When Fougere announced last October that she would be running, I credited her for not repeating Ozmon’s mistake. But since her launch in May, her visibility has been much too low. Beating an incumbent takes more than waving in a parade.

Fougere has some great ideas, like a smaller council. But does anybody know about them?

This week I received an e-mail notice of events planned for Fougere this week. Two days of it include a Federation of Canadian Municipalities meeting in Ottawa. The meeting is for the Green Municipal Fund council, which is a great initiative. But if I were Fougere, I would not be bringing attention to out-of-town trips at this point in the campaign. There aren’t too many votes to be had in Ottawa.

Meanwhile, Kelly’s political comfort level has been going up. His campaign slogan is Proven Leadership and Vision, which has prompted more than a few snickers among the downtown business crowd that would love to see him gone.

Give Kelly credit for one thing, though — caution. At his launch last week, he had the political savvy to say he would not back the Bedford fast ferry — his pet project — if it were not affordable.

Don’t be fooled; he’s a stubborn as a bulldog about getting his own way. But in the face of stiff questions over the past few weeks about the affordability of the project for commuters, Kelly knew enough to back off, at least for now.

The mayor has been busy taking credit for various council decisions, including balanced budgets (here’s a little secret: they’re required by law to be balanced; municipalities aren’t allowed to run deficits), the harbour cleanup (he fought to stall the project for months on end) and progress on public safety (even though his own task force was painfully slow to come up with recommendations).

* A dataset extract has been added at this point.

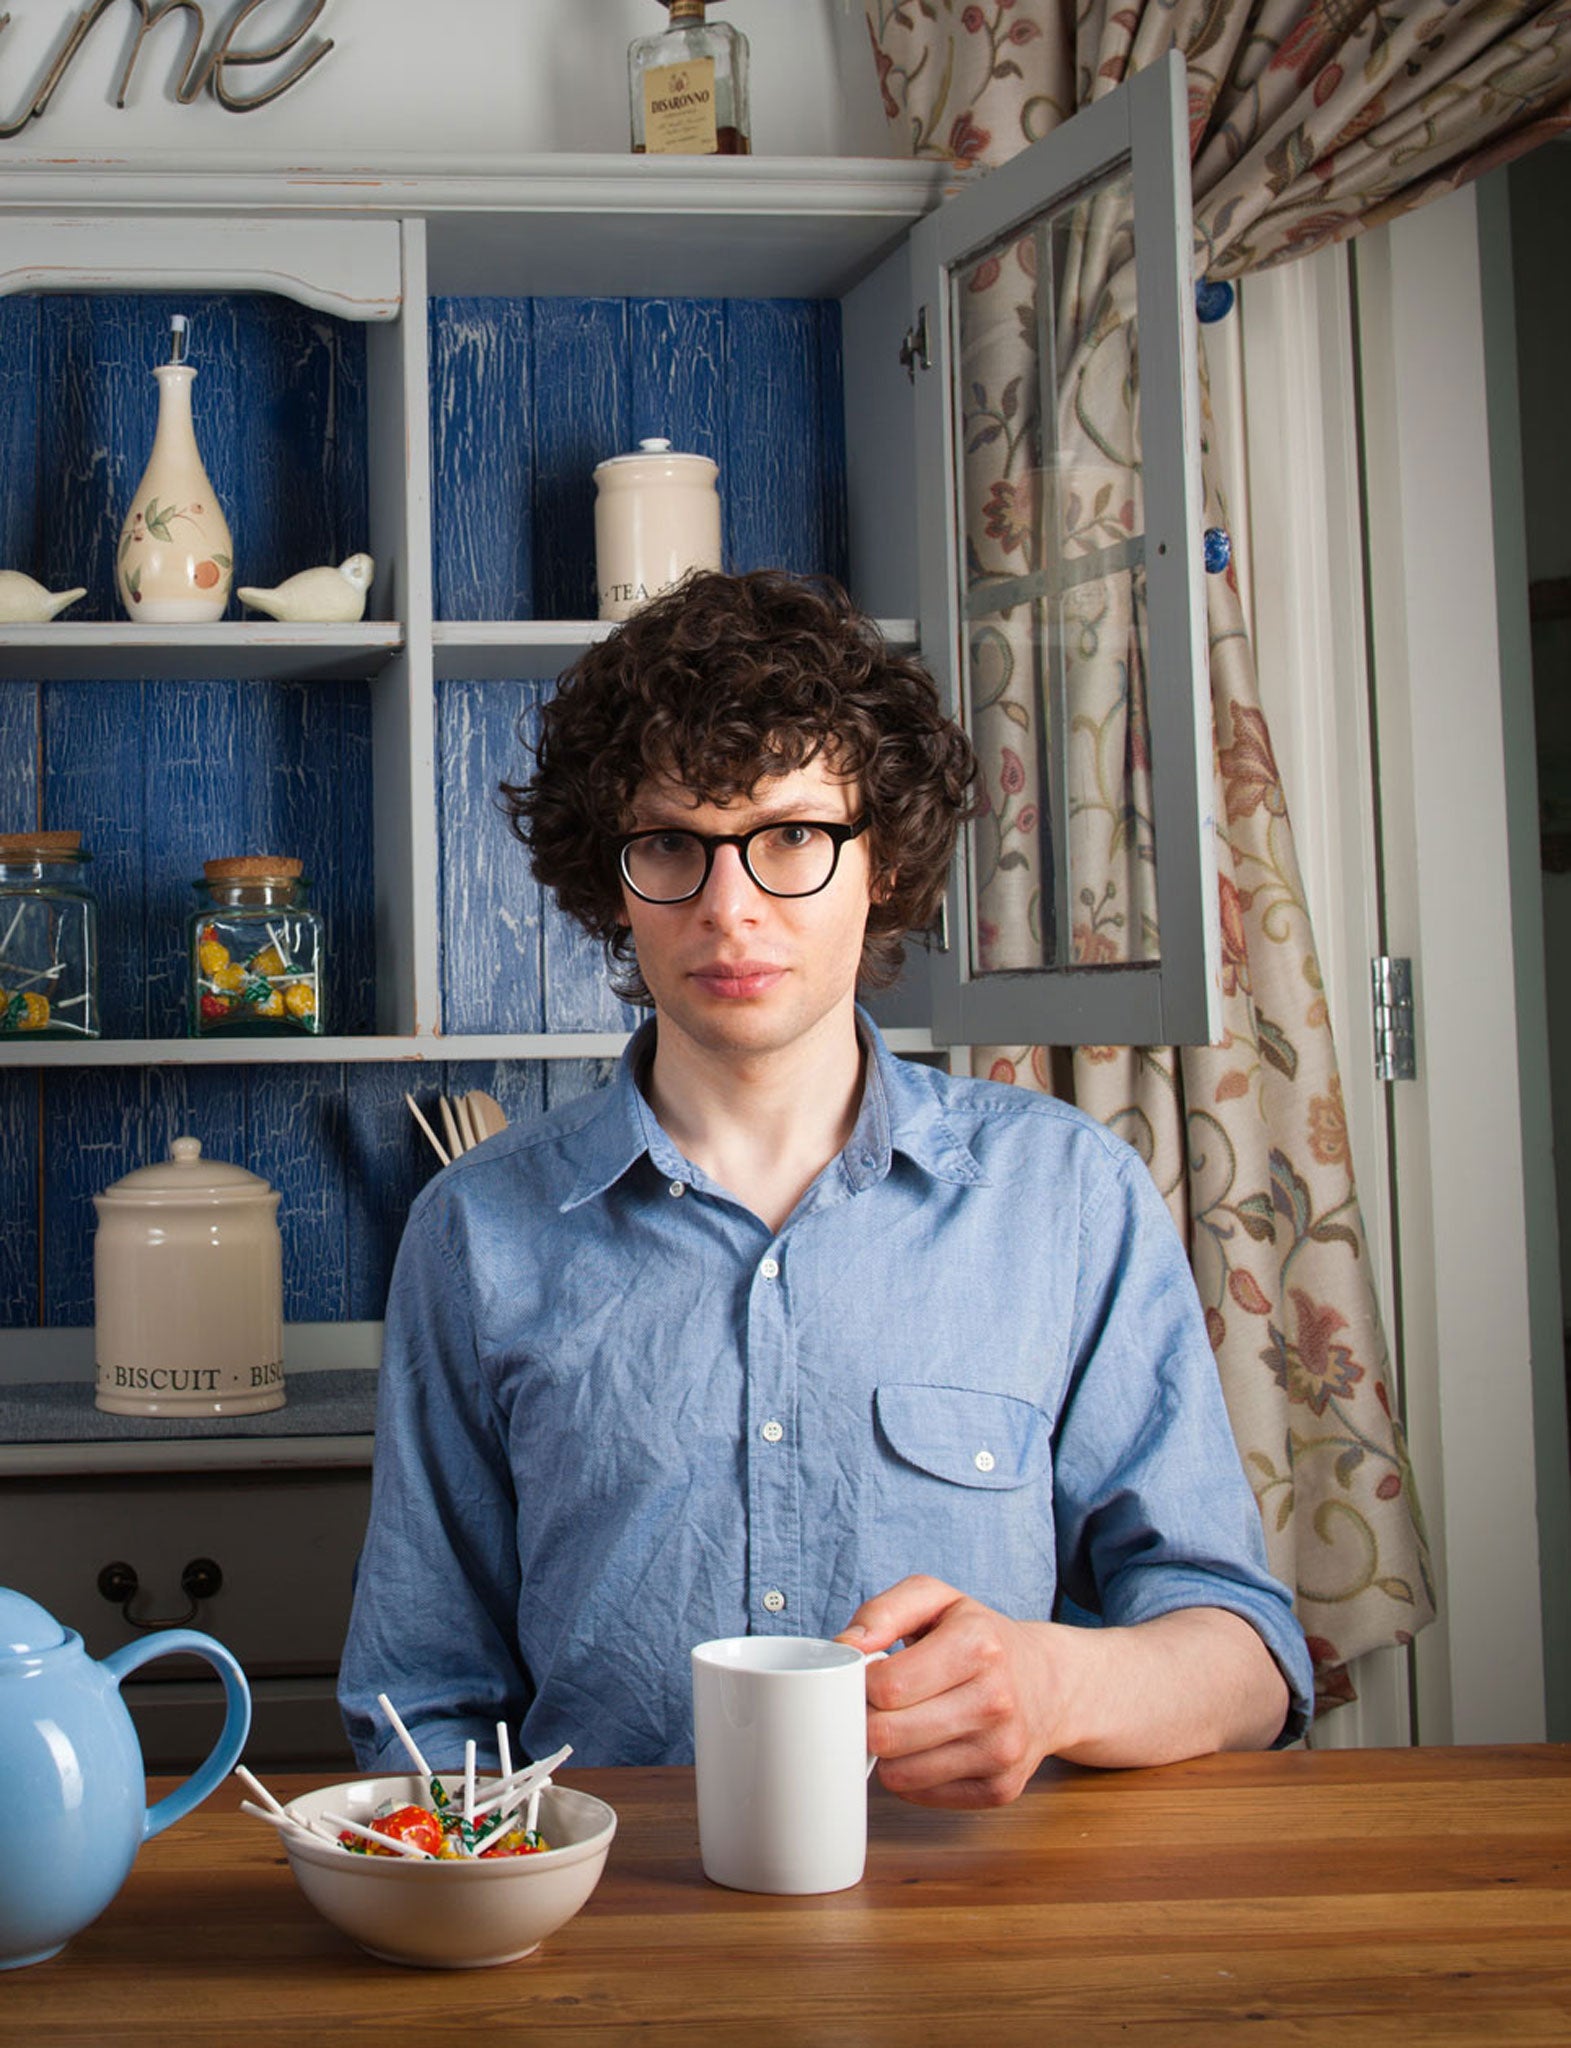 Amstell says: 'I don't think I have any regrets, it's a waste of energy because what can you do?'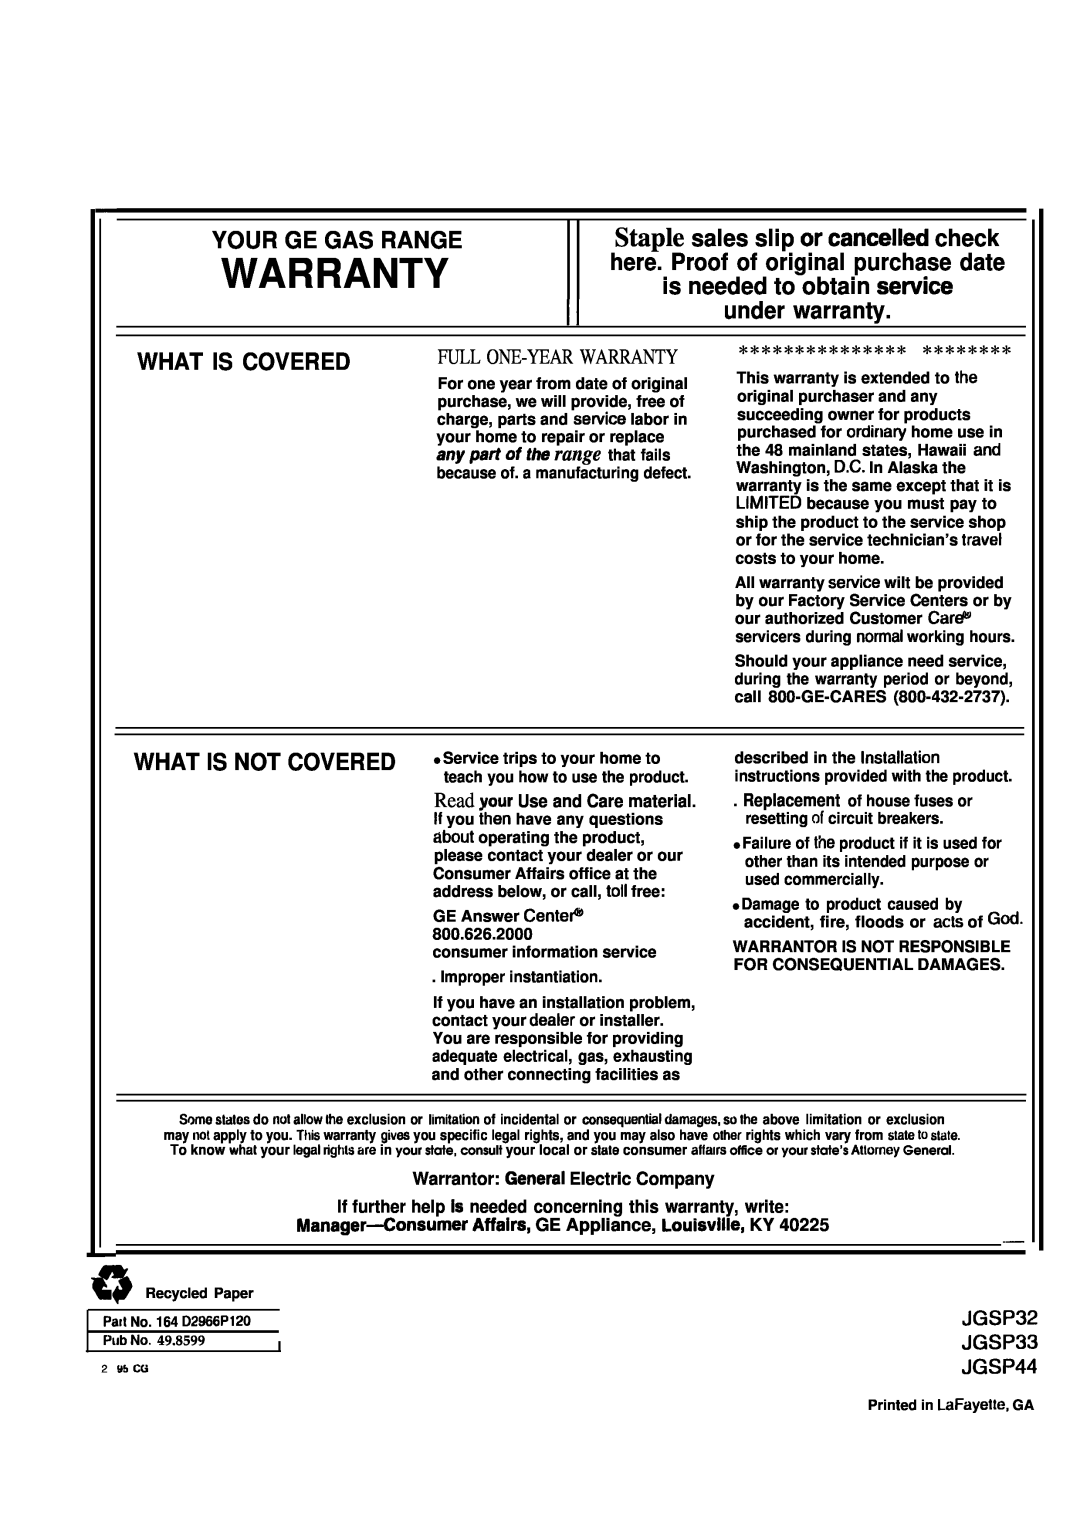 GE JGSP32 Warranty, Your Ge Gas Range, Staple sales slip or cancelled check, here. Proof of original purchase date, JGSP33

There is little doubt, though, that Kelly has failed at one very important priority: uniting the regional council through leadership and reducing divisions among the communities that make up the Halifax region. It is hard to conclude that taxpayers are getting value for their money from council when one watches the painfully low level of debate around the table down at city hall.

A true leader would find ways to bring the people around that table together to better serve the people they represent, while moving the city ahead. Instead, this council has been mired in minutia, while larger issues stew on bureaucratic back-burners.

Still, it seems that Kelly will be around for a while yet. That’s what happens when you keep your head down, never stick your neck out and never let people know what you believe in. But don’t call it vision, and don’t call it leadership.